*Material provided*:
· · · ·

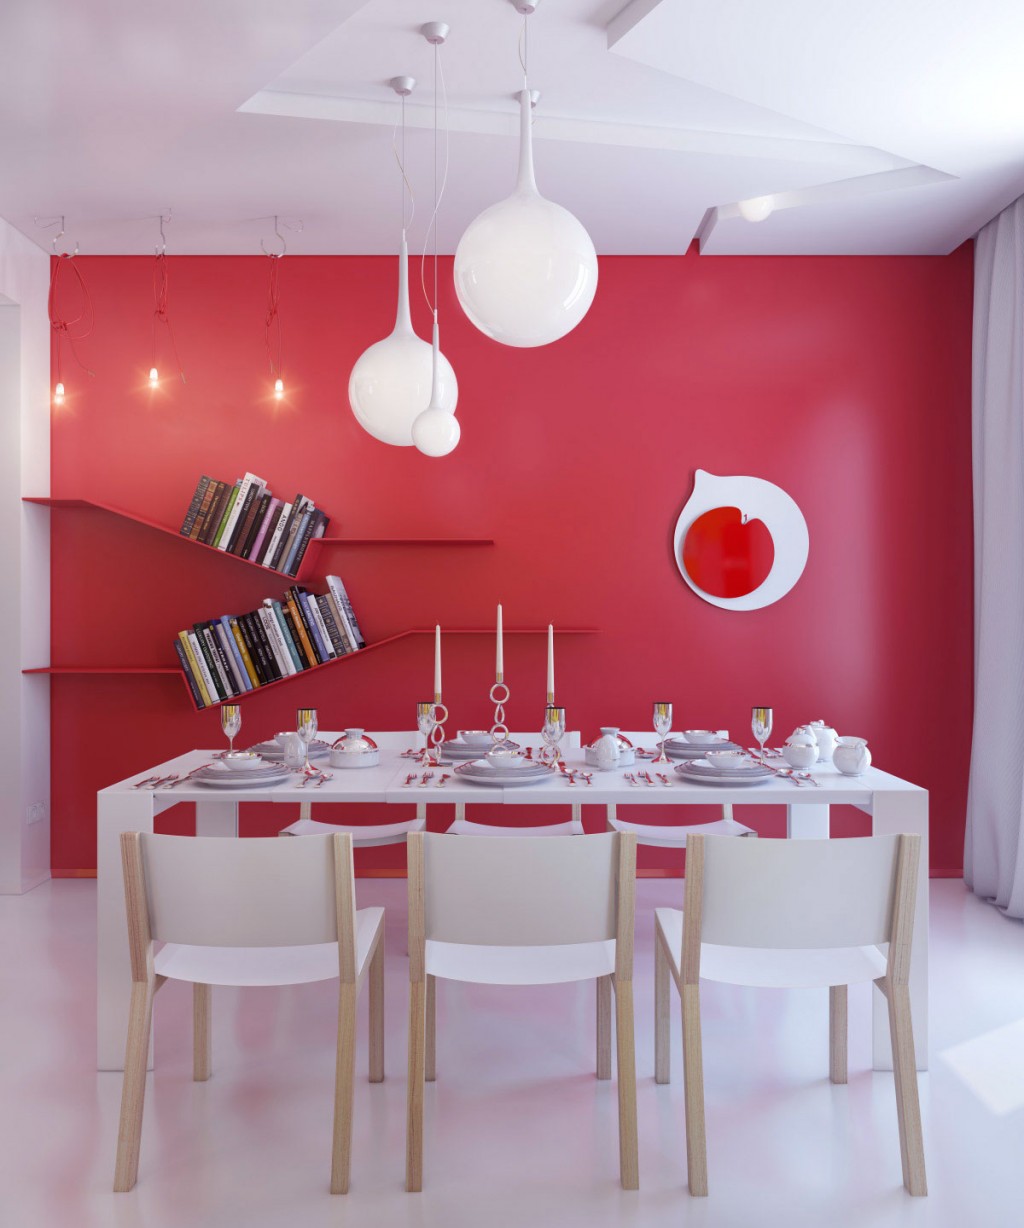 Modern Light Fixtures in White Red Dining Room
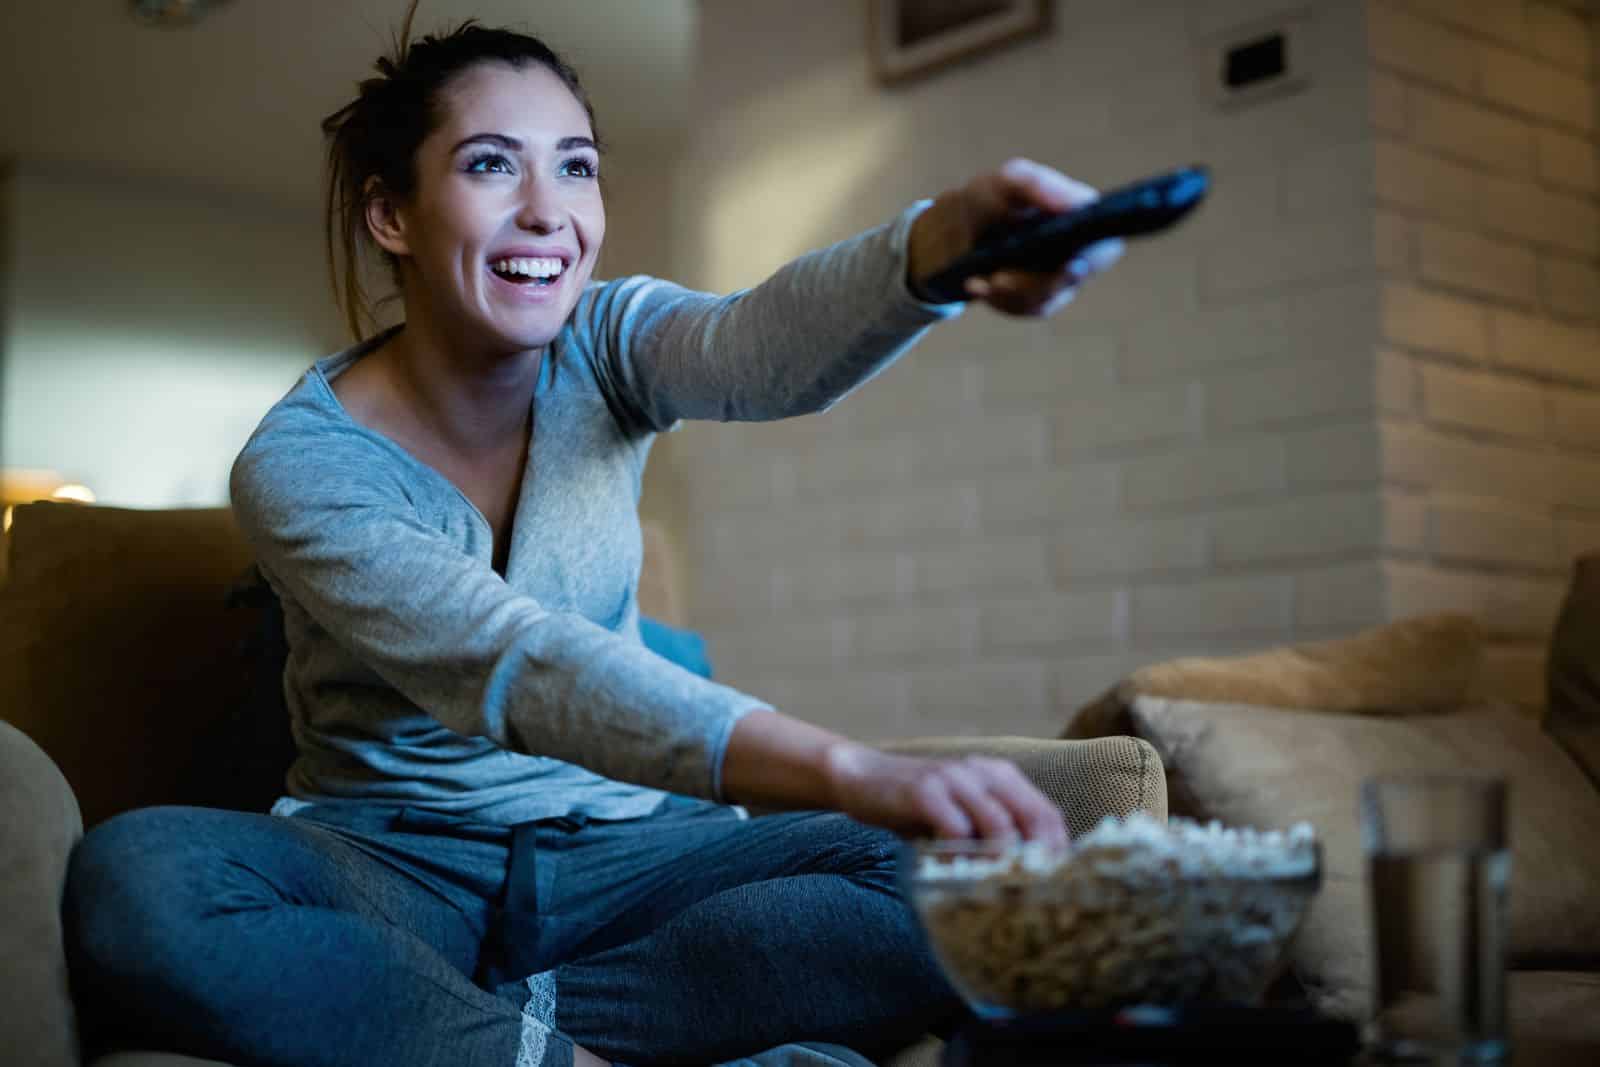 Image credit: Shutterstock / Drazen Zigic <p>A Netflix subscription may be the language tool you already have in your back pocket. With plenty of shows from all around the world, Netflix could offer the chance for viewers to build listening skills while hearing local colloquialisms.</p>
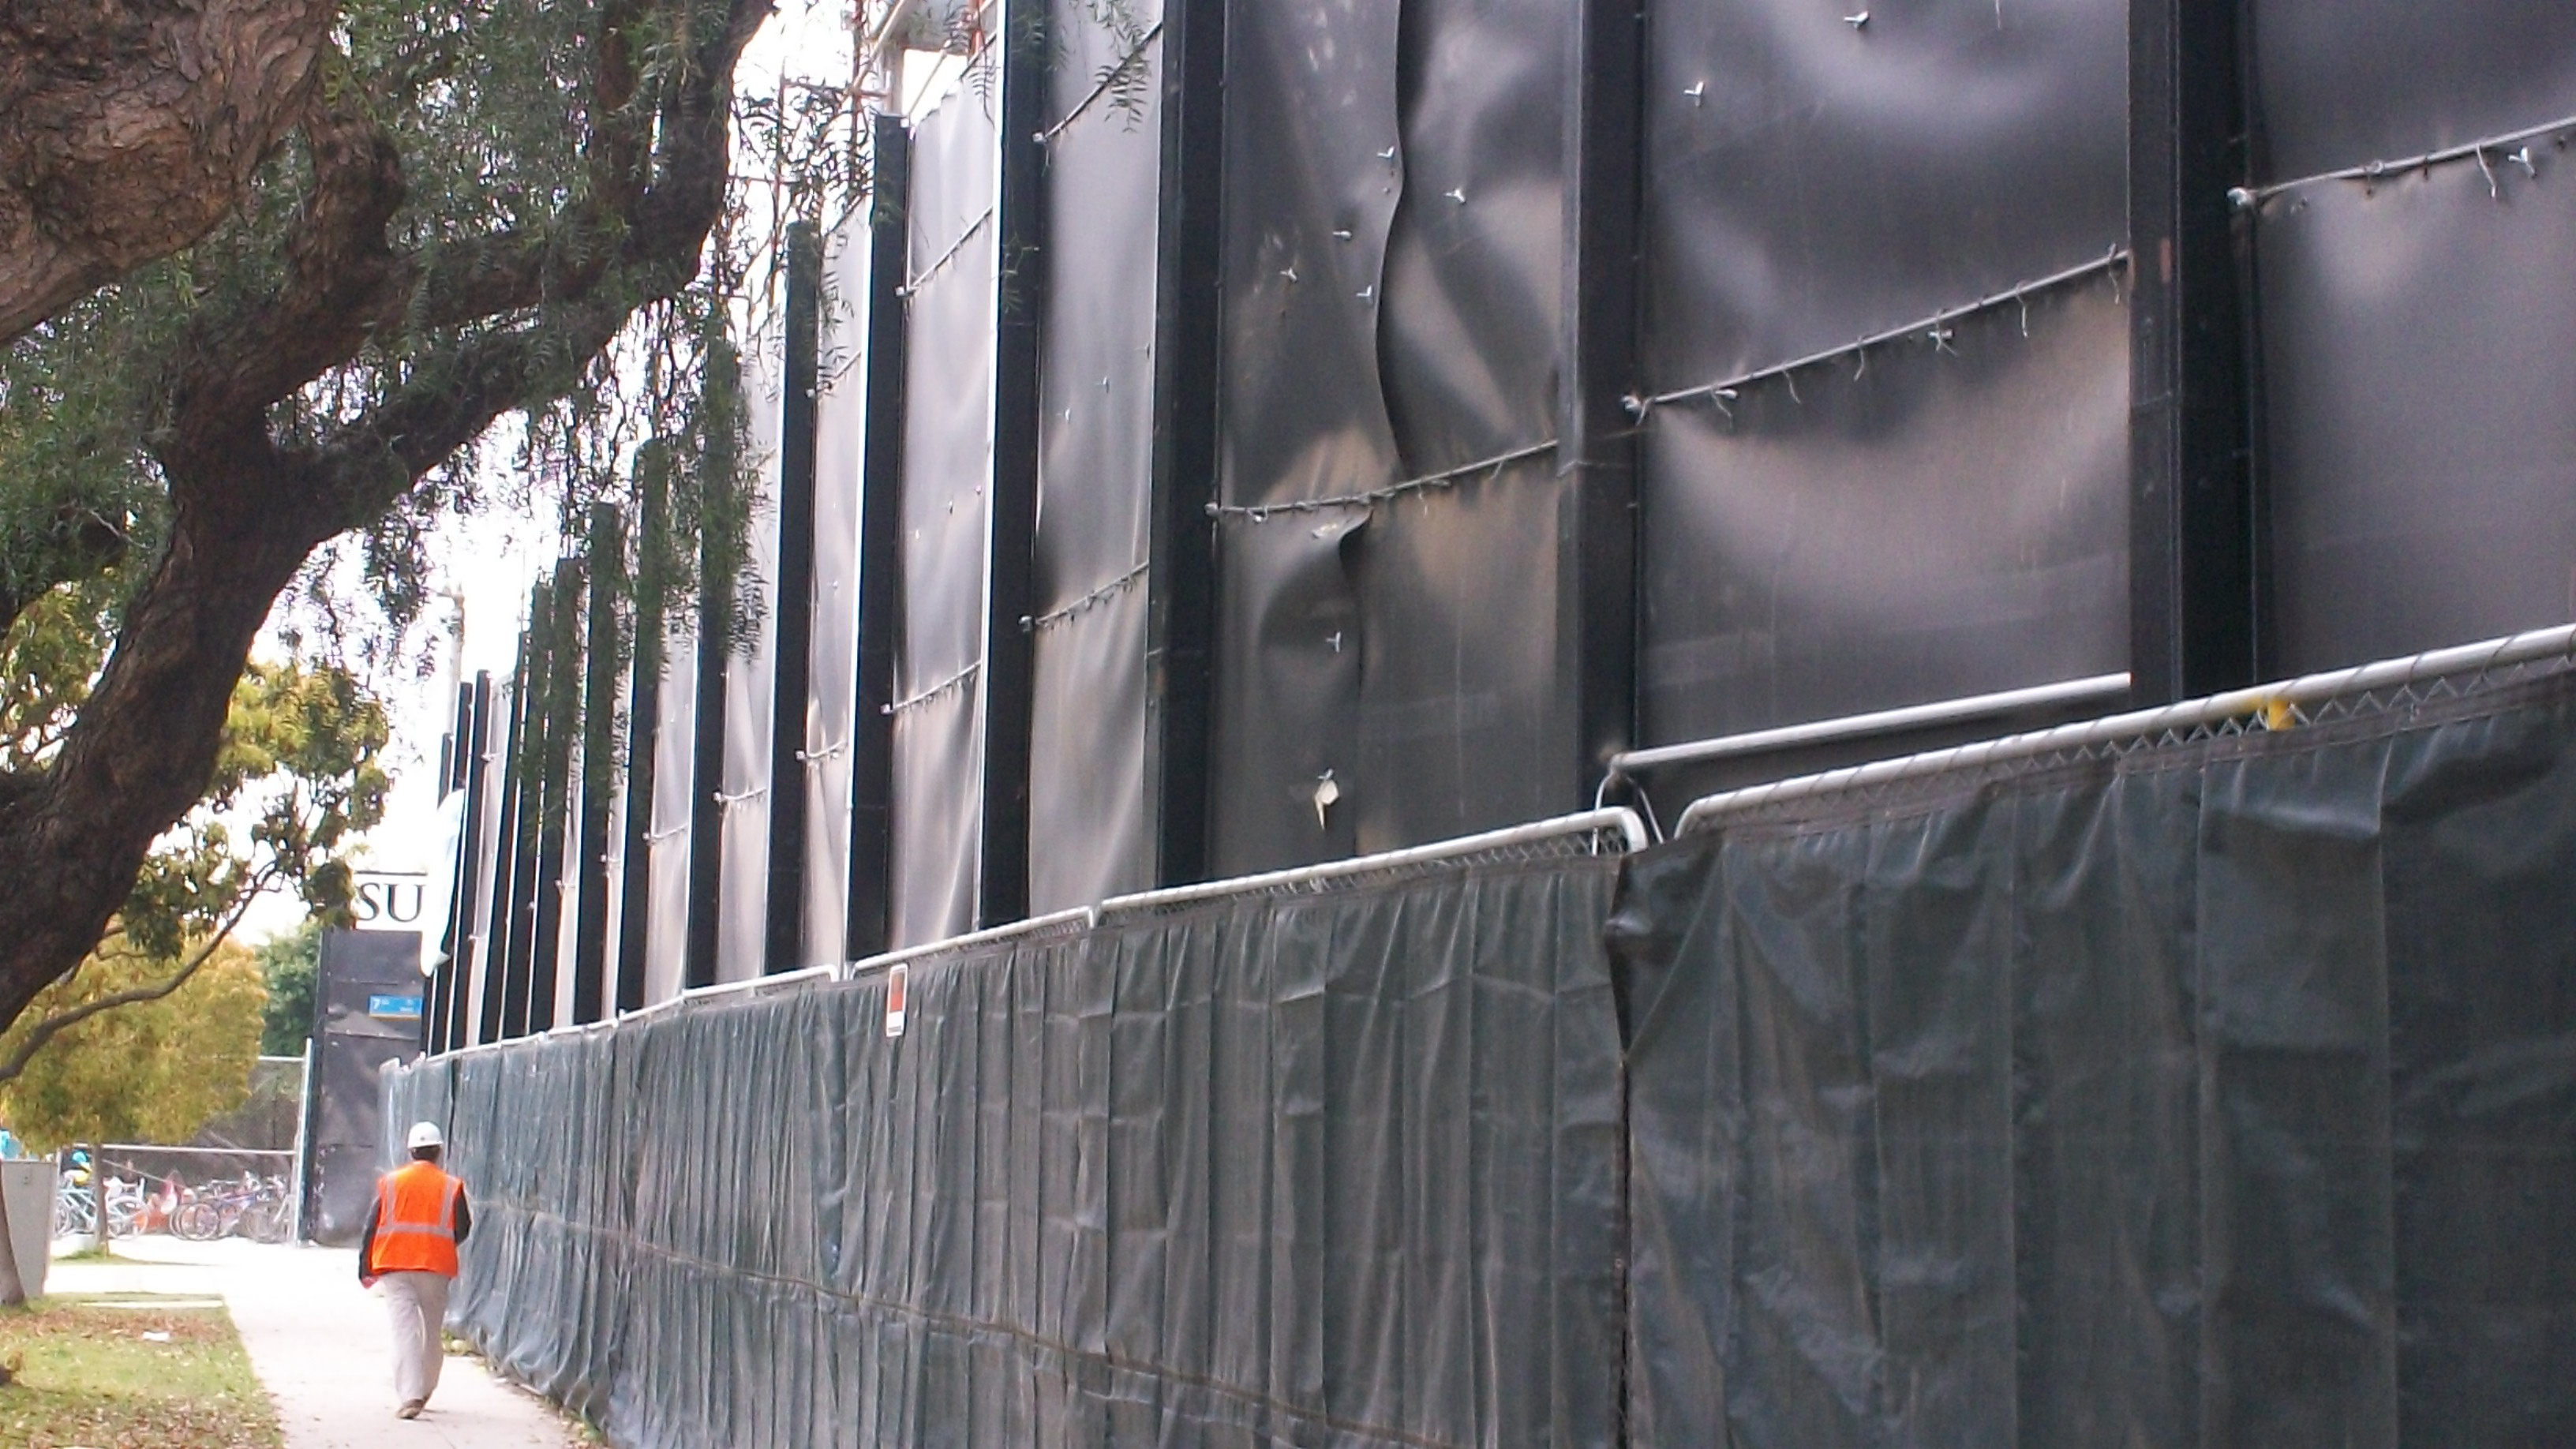 A construction worker walks on the outside portion of the 30-foot tall section of the Acoustifence barrier. The fence design utilized varying heights at different sections of the construction site.
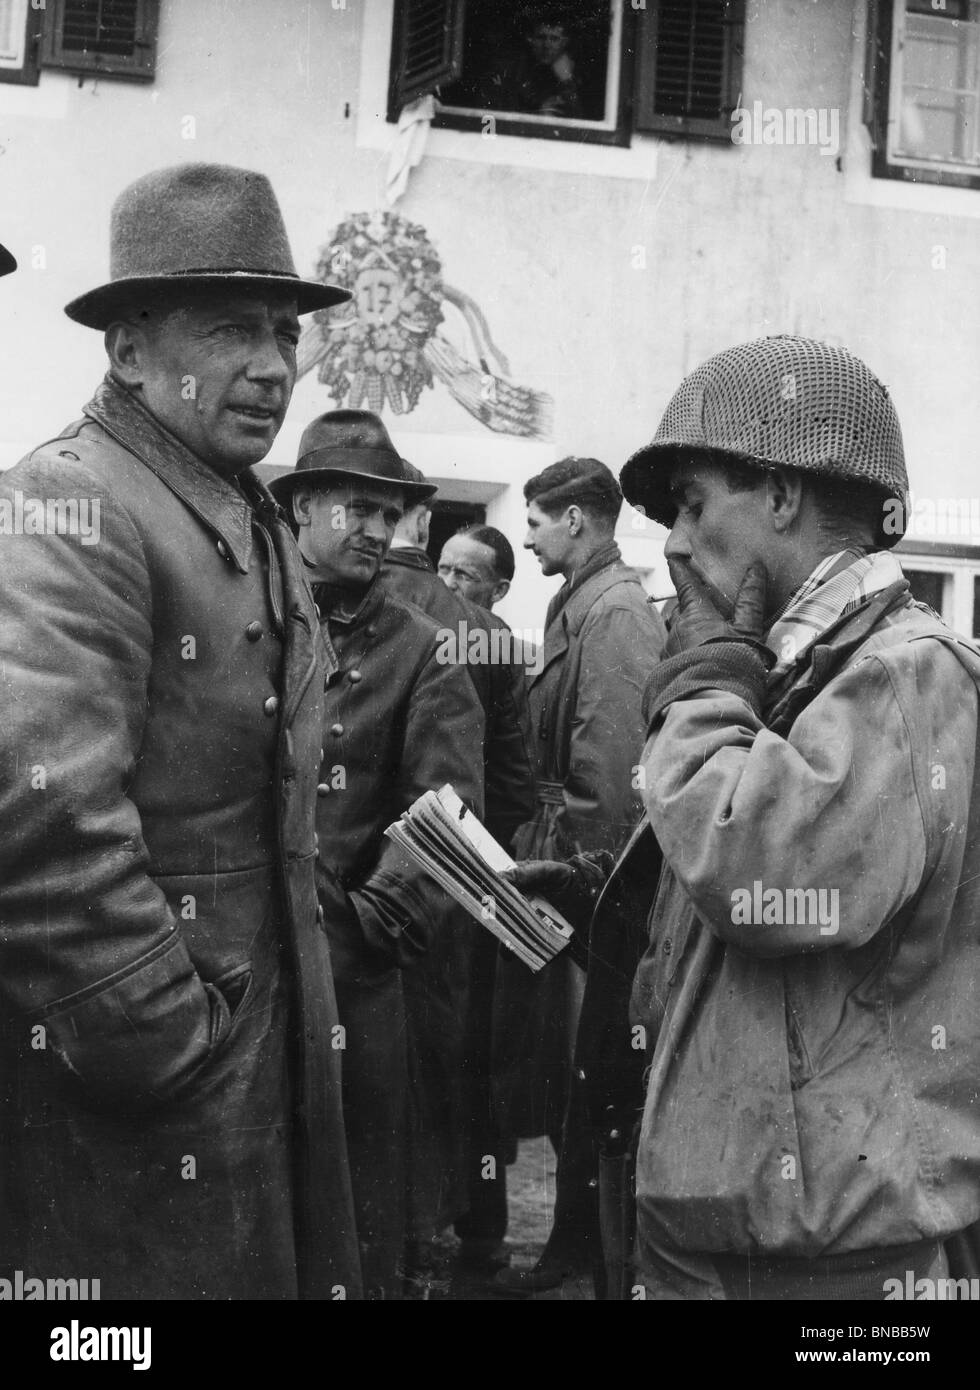 WALTER DORNBERGER, Commandant of the  Peenemunde Station on 2 May 1945 after capture by US forces at Schattwald in Austria. Stock Photo

· · · ·

*Task details*: Set down the data exactly as it appears, without any images.

*Completed task*:
 Modern Light Fixtures in White Red Dining Room
 Image credit: Shutterstock / Drazen Zigic <p>A Netflix subscription may be the language tool you already have in your back pocket. With plenty of shows from all around the world, Netflix could offer the chance for viewers to build listening skills while hearing local colloquialisms.</p>
 A construction worker walks on the outside portion of the 30-foot tall section of the Acoustifence barrier. The fence design utilized varying heights at different sections of the construction site.
 WALTER DORNBERGER, Commandant of the  Peenemunde Station on 2 May 1945 after capture by US forces at Schattwald in Austria. Stock Photo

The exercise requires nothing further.